O Sol desvanece-se. Qual pérola, a Lua ergue-se. E acontece magia.

Na narrativa de um jardim durante a noite, as personagens do enredo são flores com fragrâncias intensas que desabrocham na escuridão (como o jasmim, a angélica e a gardénia), traças com asas cor de jade e escaravelhos iridescentes como opalas. A Lua, que ilumina este palco, toma o seu brilho emprestado do Sol. A sua luz pálida é reflectida. Um jardim nocturno convida à reflexão. Ao contrário do Sol, a Lua é convidativa para o nosso olhar. Podemos vê-la crescer e enaltecê-la com poesia, vê-la minguar e lamentá-la com melancolia e admirar a maravilha de um mundo ao revés onde as plantas se alongam na direcção não da luz do Sol, mas do brilho ténue projectado sobre a Terra por um diadema de estrelas.

A cor é irrelevante num jardim nocturno. Devido à forma como o olho vê, à luz da Lua minguante, até as mais incendiárias tonalidades de vermelho e laranja se transformam em tons monocromáticos de prateado e cinzento. A retina, o revestimento sensível do interior do olho, possui camadas compostas por células fotorreceptoras denominadas cones e bastonetes. Ao detectarem a intensidade da luz, os bastonetes têm capacidade para captar níveis de iluminação reduzidos. Mas os cones, que distinguem a cor, precisam de um limiar de luz mais elevado do que o fornecido pela palidez do luar. Na ausência desse limiar, a cor desvanece-se.

O perfume das flores durante a noite é ilusório. “Os jardins são mais fragrantes de noite do que de dia porque a maioria dos polinizadores nocturnos tem má visão e serve-se do olfacto para encontrar as flores”, diz John Kress, conservador de botânica no Museu Nacional de História Natural do Instituto Smithsonian. O mundo das flores nocturnas e dos seus polinizadores é um universo alternativo, com ajustes efectuados ao longo de anos de selecção evolutiva. Os polinizadores diurnos como as borboletas, as aves e as abelhas, baseiam-se em indícios visuais telegrafados por cores garridas; os trabalhadores do turno da noite, como os escaravelhos e as traças, dependem da fragrância, da luminescência das pétalas brancas ou, como na ecolocalização dos morcegos, dos contornos esbatidos da forma.

É melhor ficarmo-nos pelo lusco-fusco onírico da imaginação e entrarmos no Pavilhão Onde a Lua Se Encontra com o Vento no Jardim do Mestre das Redes, em Suzhou, na China, ou no Jardim Branco de Vita Sackville-West, em Sissinghurst Castle, Inglaterra, decorado em tons de neve com tulipas brancas, lírios e anémonas, ranúnculos-creme, campânulas brancas-acinzentadas e rosas Iceberg e White Wings.
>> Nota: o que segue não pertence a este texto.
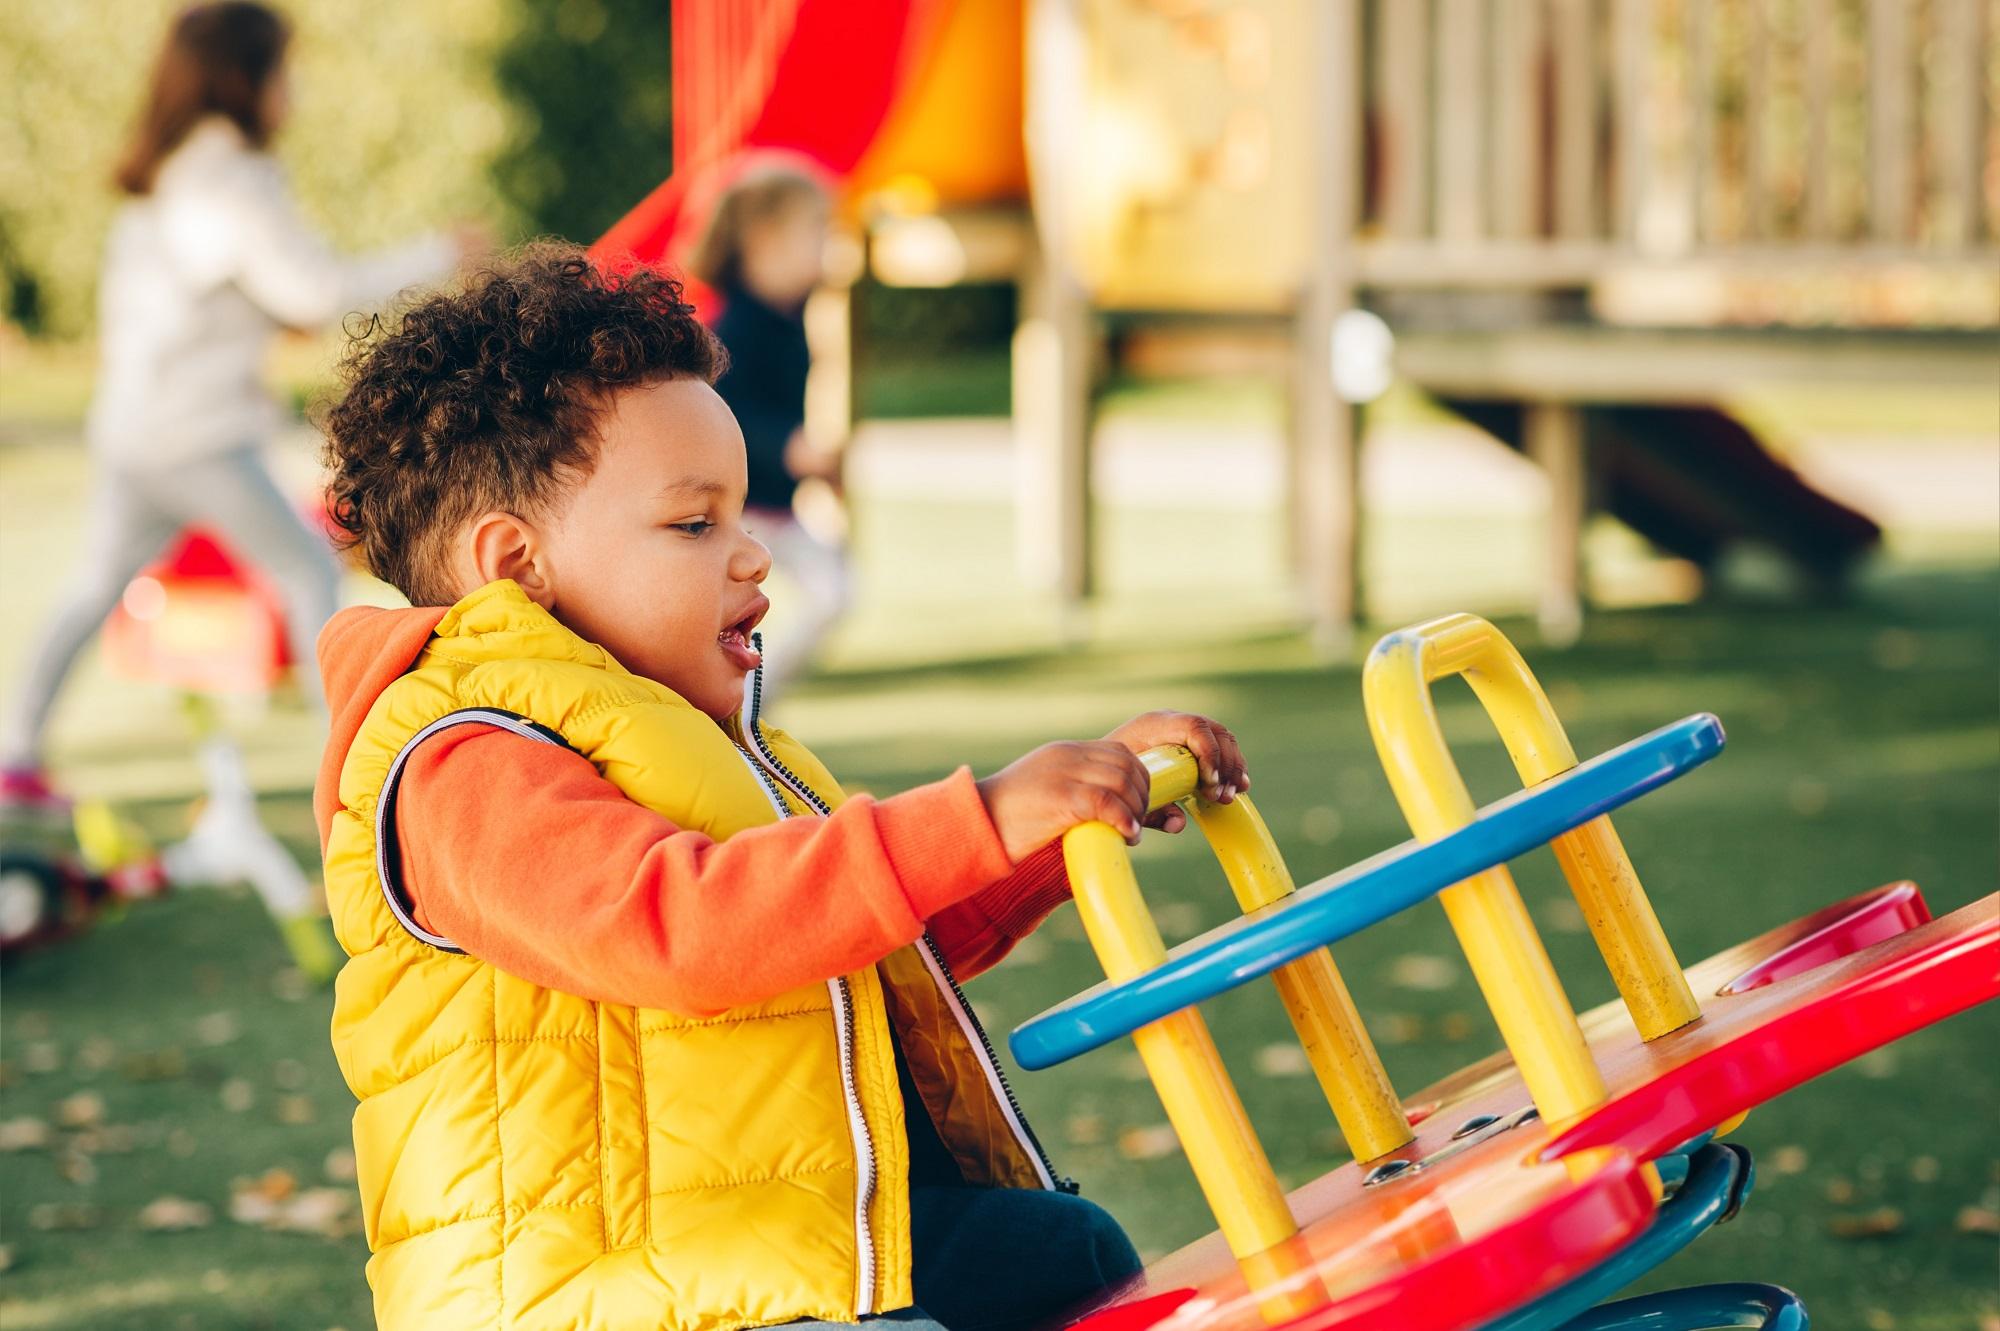 Agricultural pesticide drift contaminates children's playgrounds

Ou podemos recuar ao passado e invocar os jardins de prazer construídos pelos governantes mongóis, refrescados por pérolas de água caindo de fontes de mármore, à sombra de árvores carregadas de romãs e laranjas e pintadas pelo luar, como o lendário jardim de Xalimar, perto de Caxemira.

Segundo a especialista em história da arquitectura Elizabeth Moynihan, a palavra “paraíso” pode remontar a uma transliteração da palavra persa antiga pairidaeza, um jardim murado. “O Paraíso prometido no Alcorão consiste em vários socalcos de jardins, cada um mais esplêndido do que o anterior”, escreveu. O palácio ao ar livre de um jardim islâmico era, no sentido literal e figurativo, o paraíso sobre a Terra, um local para beber vinho em jarros de prata, comer melões de Cabul e ouvir poesia. “Por mais distante e fechada que a alma do islão permaneça, duvido que alguma vez a tenhamos sentido mais próxima de nós do que naquela noite, entre as fontes e as flores nocturnas do jardim de Xalimar, enquanto a Lua cheia de Agosto, do alto das neves da fronteira tibetana, vertia sobre nós a sua luz nítida”, escreveu o visconde Robert d’Humières, depois de ser recebido no início do século XX pelo irmão do marajá de Jammu e Caxemira.

Se um jardim é uma tentativa de conquista do Éden, então os nossos anseios talvez sejam mais recompensados de noite. A Lua perdoa a degradação posta a nu pelo Sol. A flor ferida, a folha desidratada e o ramo apodrecido são engolidos pelas sombras, deixando apenas uma ilusão de perfeição, prateada pelas estrelas e dourada pelo luar.